Johny Hendricks has been climbing the welterweight division since he first entered the UFC. Fight after fight he entered against a bigger-named opponent and left with a decisive win in his back pocket. His knock-out of Jon Fitch at UFC 141 was a shock to many, but in hindsight maybe it shouldn’t have been. After rolling through top-rated welterweights like the aforementioned Fitch, Martin Kampmann, Josh Koscheck and Carlos Condit, Hendricks finally got his title shot at UFC 167.
I’ll preface this now by saying I am a fan of Georges St-Pierre and with each of his title defenses, I am on my feet cheering for Rush.
As a fan of the sport, I was consistently annoyed and frustrated with Hendricks as he spoke out against the champion each time he was passed over for a title shot. I’d agree he had a slight case to air a complaint over being passed for Nick Diaz, but the history between St-Pierre and Diaz and the window of opportunity closing much quicker, I think fans understood. Hendricks was the odd man out. It was satisfying to see Hendricks defeat Carlos Condit in order to earn that title shot that he had felt he had earned several fights earlier.

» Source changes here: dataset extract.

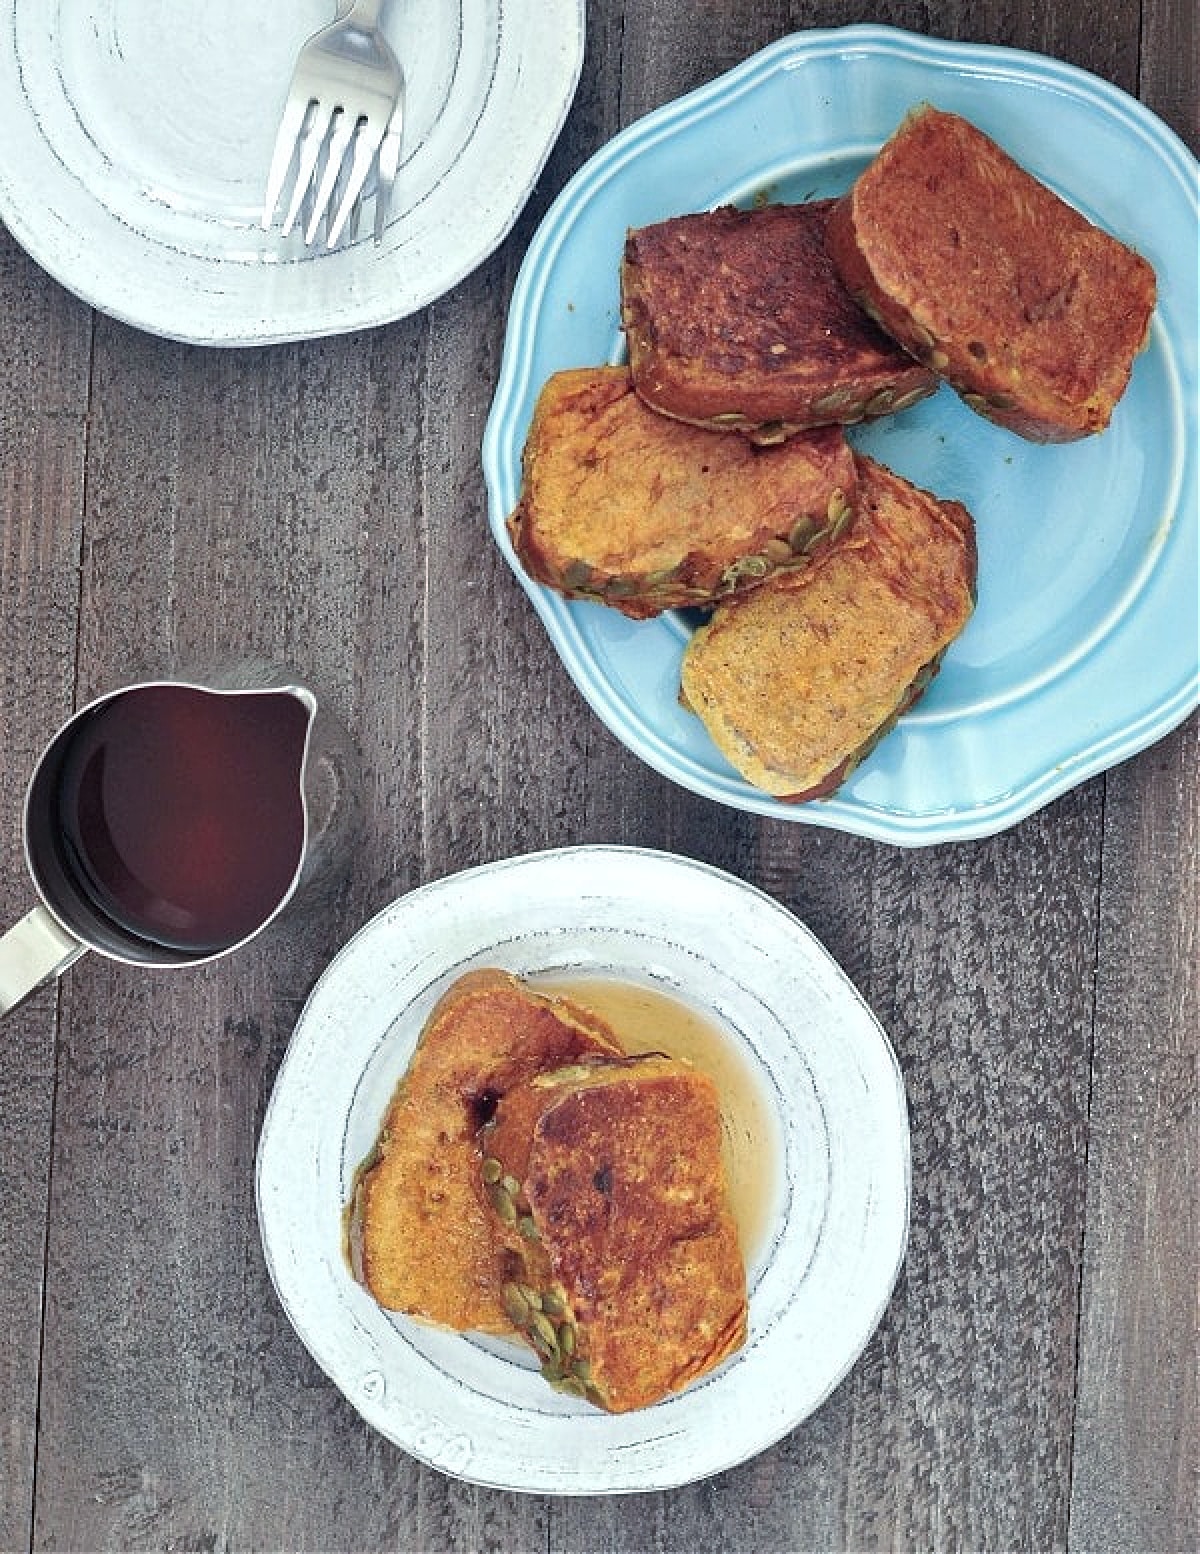 Overhead view of pumpkin bread French toast - a plate full of slices, one plate with two slices and syrup, extra plates and forks, and a silver pitcher of warm syrup.
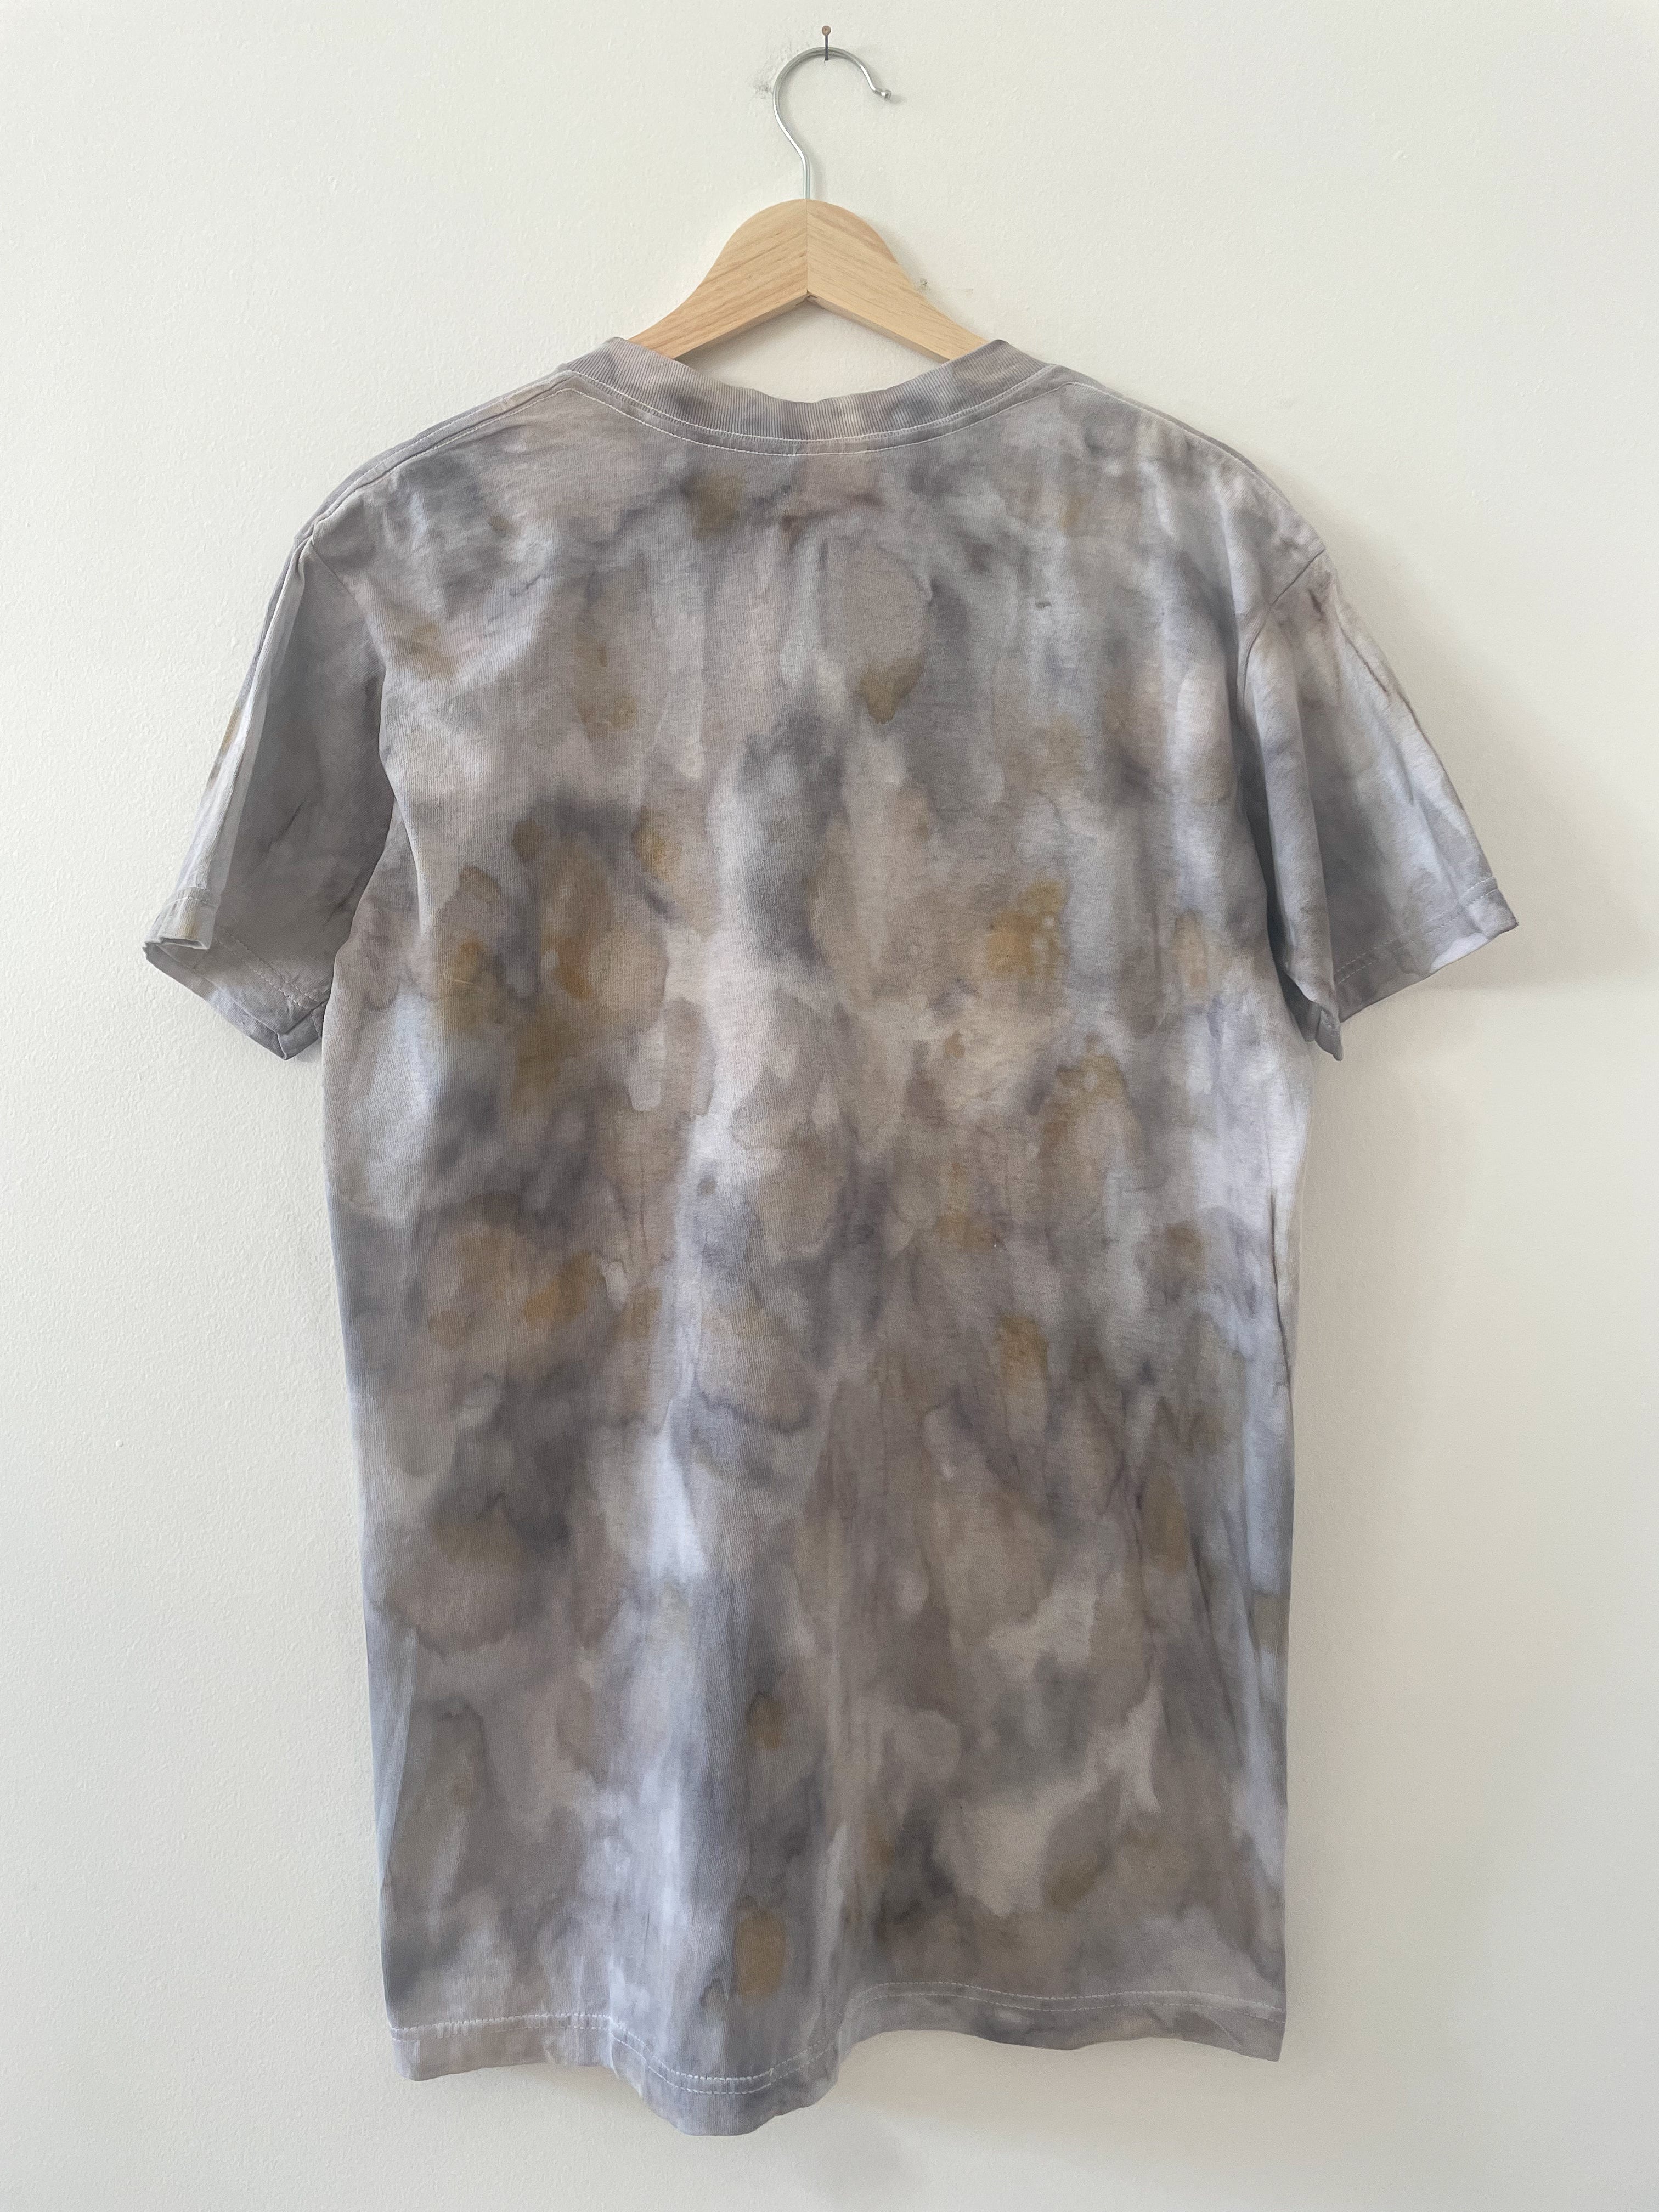 Hand-Dyed & Painted Cotton T-shirt - Sumac

Hendricks believes in his ability, as he should. Any fighter who doesn’t is not going to ascend to the level that he has. In the aftermath of UFC 167 I was annoyed by some of his comments of saying he was the champ, saying he won the fight and a few others. As a fan of the sport, I had decided I am no fan of his.
Then I went back and re-watched the fight at 167 and his post-fights comments. I then went back and re-watched all of his fights over the past few years in the UFC. While I still feel he did lose the fight at 167, I came out on the other end a fan, a big fan. In the span of a couple hours I completely flipped on this guy. I’m mad at myself for even trying to dislike the guy. There are so many intangibles of the guy that are so damn likable and the one thing I was holding against him was being upset over a close decision that didn’t go in his favour, or being passed over for a title shot that he had felt he earned.
His entrance into the octagon, in my opinion, is possibly the best there is. Maybe second only to Chael Sonnen. Hendricks enters the octagon with a song titled “50$ and a Flask of Crown”, which seem to suit him well. At 167, as the headliner of the event, his entrance gets a little bit more time. The broadcast stalled going to Hendricks walking out until the lyrics of the song started. When the camera swings to Hendricks, he’s casually walking through the halls of the MGM Grand Arena singing the song as he slowly bounces, when he entered the arena it became a jog. The smile on his face as he entered was half fighter ready to go and half kid amazed of the situation he found himself. The guy seems to appreciate what he has earned.
Just before the fifth round of the title fight with St-Pierre, Hendricks is on his feet waiting for the round to start and he’s smiling. He’s bouncing back and forth with a smile on his face. There was a moment that I thought he was singing his entrance song in his head. He’s not exactly being consumed by the moment.
It’s refreshing to see a professional athlete truly appreciate what they have, not just in the aftermath of it all but in the very moment it is taking place.
The guy has won me over and I’m sure I’m not alone.
Hendricks may have left UFC 167 without the belt, but he certainly left it with more fans in his corner. The guy represents so much of what we need to see more of in sports. His only downfall that I had perceived was really only him wanting it so damn bad.
When I arrived in Las Vegas for UFC 167, I checked in at the MGM Grand and went towards the elevators to head up to my room. Before I make it to the elevators, Johny Hendricks is standing there with fans taking pictures and signing autographs. I stood back and watched as Hendricks circled to the left to greet the next waiting fan to give them a picture with the UFC star. After a few minutes, Hendricks’ handler begins to whisper that they need to go and is trying to move Johny along and towards the elevators. These prompts went unheard for a minute or two as Hendricks continued to pose for the pictures. After the pleas to move along were repeated a few more times, Hendricks turns and offers a quiet “just wait” as he finishes off with the waiting fans.
Make room on the Team Takedown bus, I’m not going anywhere anytime soon.